▸ **Exercise materials**:
####################

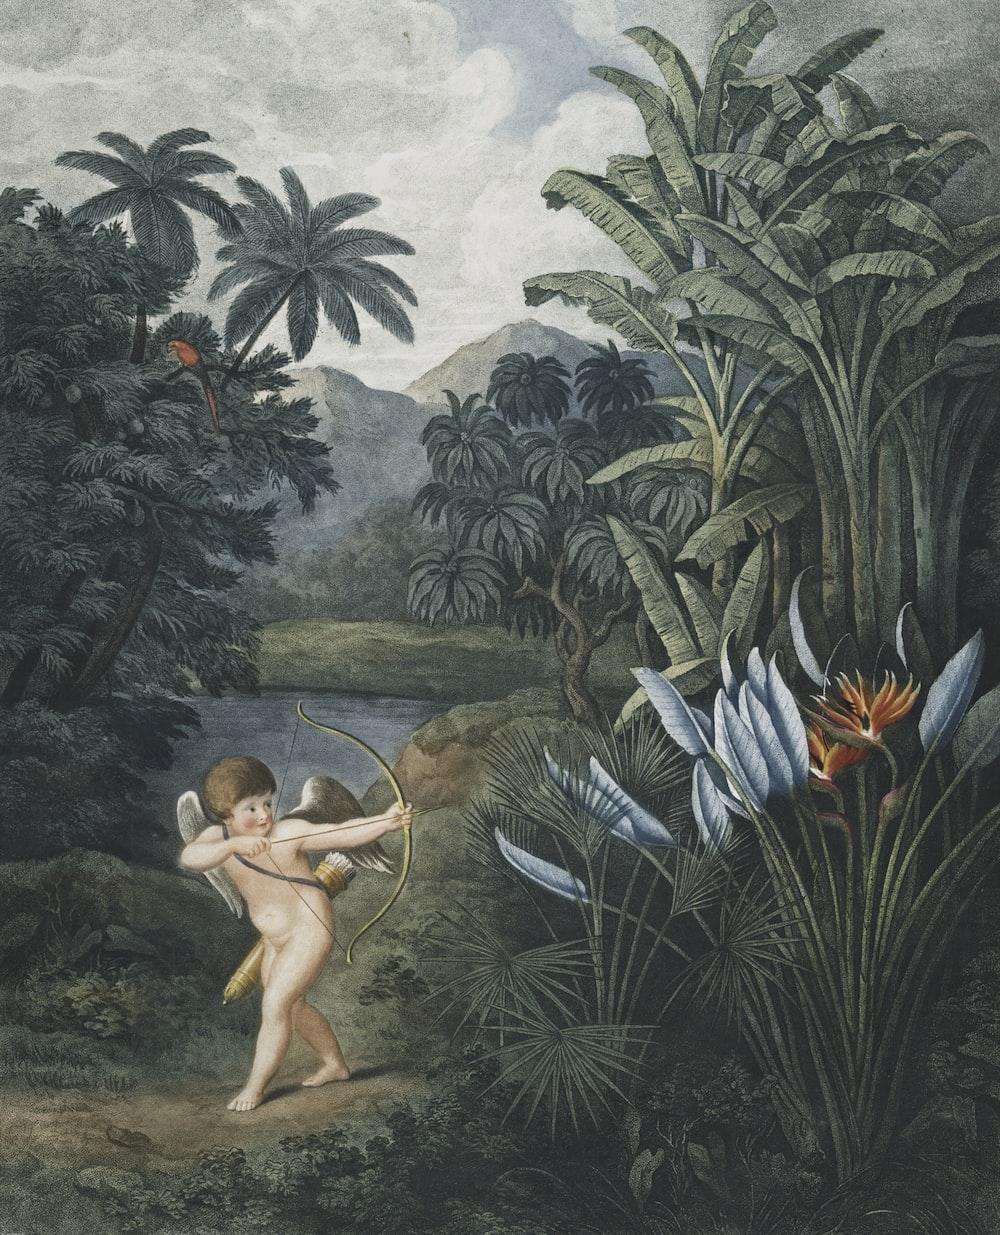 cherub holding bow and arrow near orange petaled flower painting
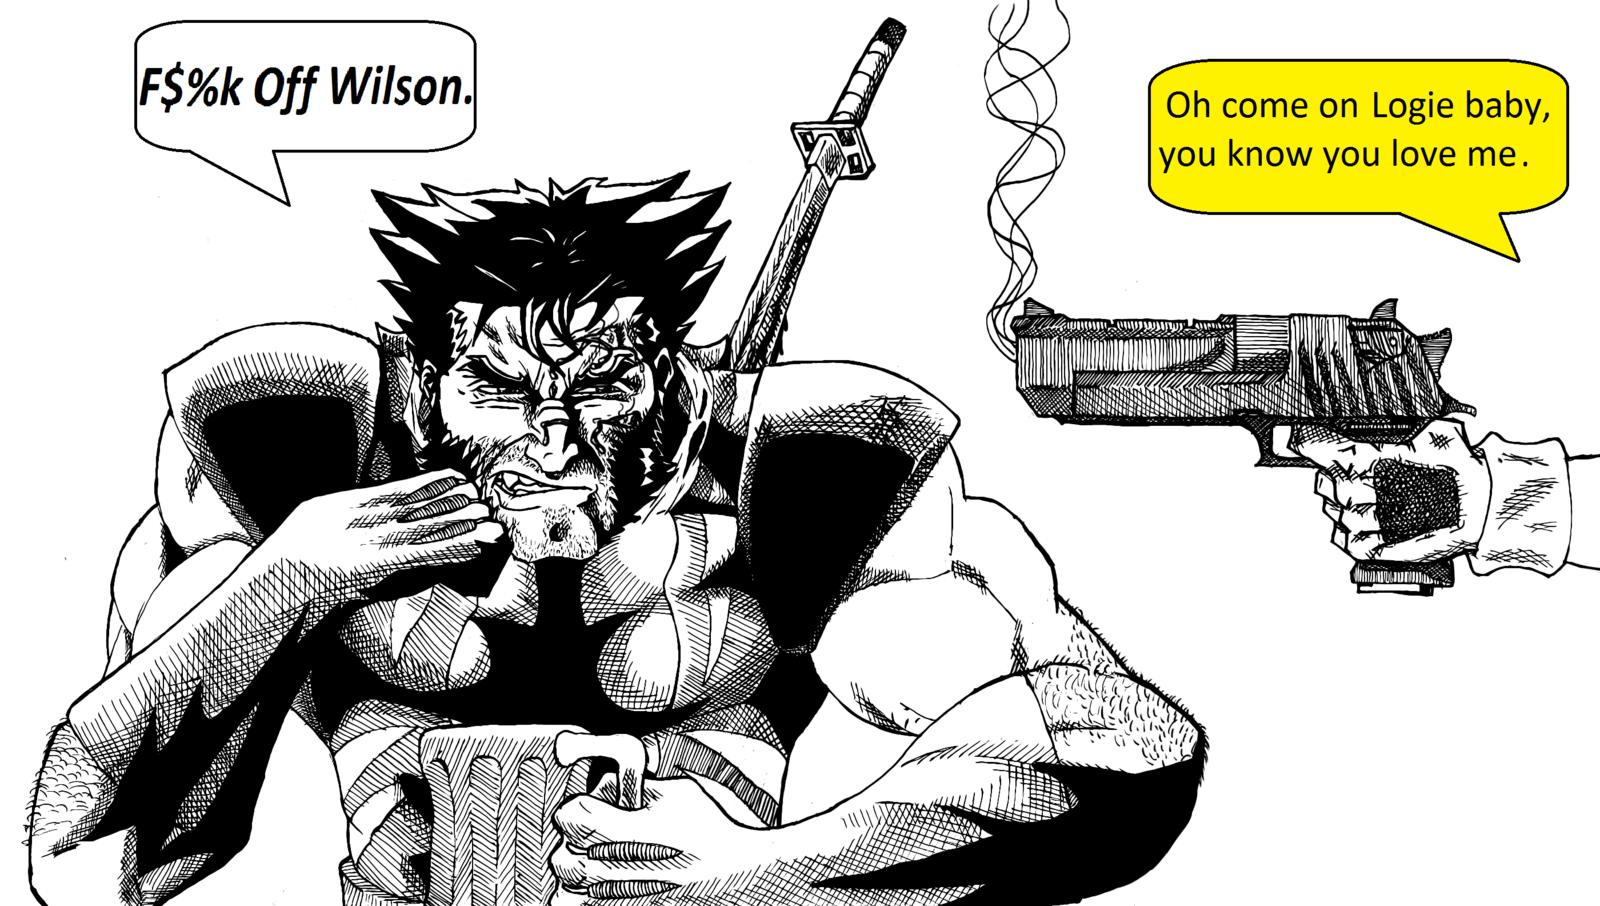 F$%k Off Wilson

####################

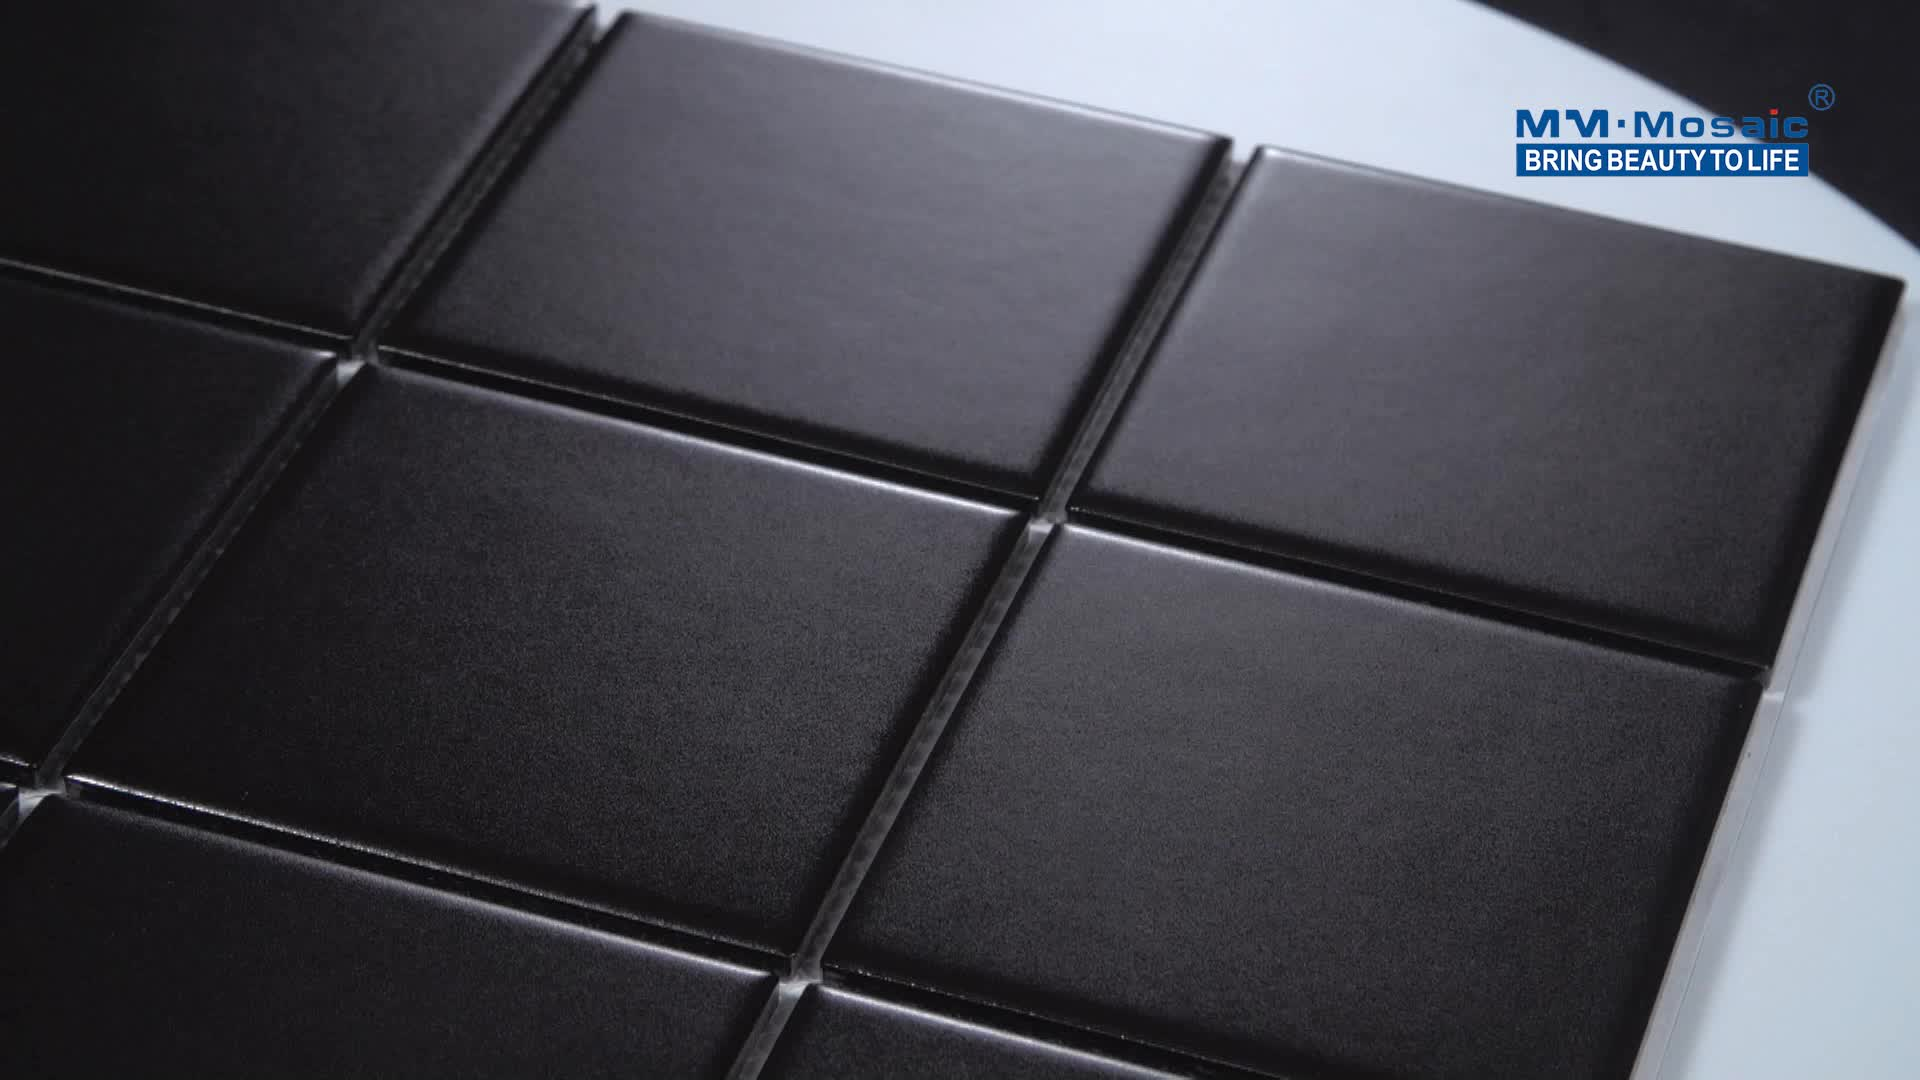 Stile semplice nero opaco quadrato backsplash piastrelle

####################

Copy only this from above: the line containing "cherub holding bow", the line containing "F$%k Off Wilson", and all lines between, printed exactly. Leave out the pictures.

▸ **Task output**:
 cherub holding bow and arrow near orange petaled flower painting
 F$%k Off Wilson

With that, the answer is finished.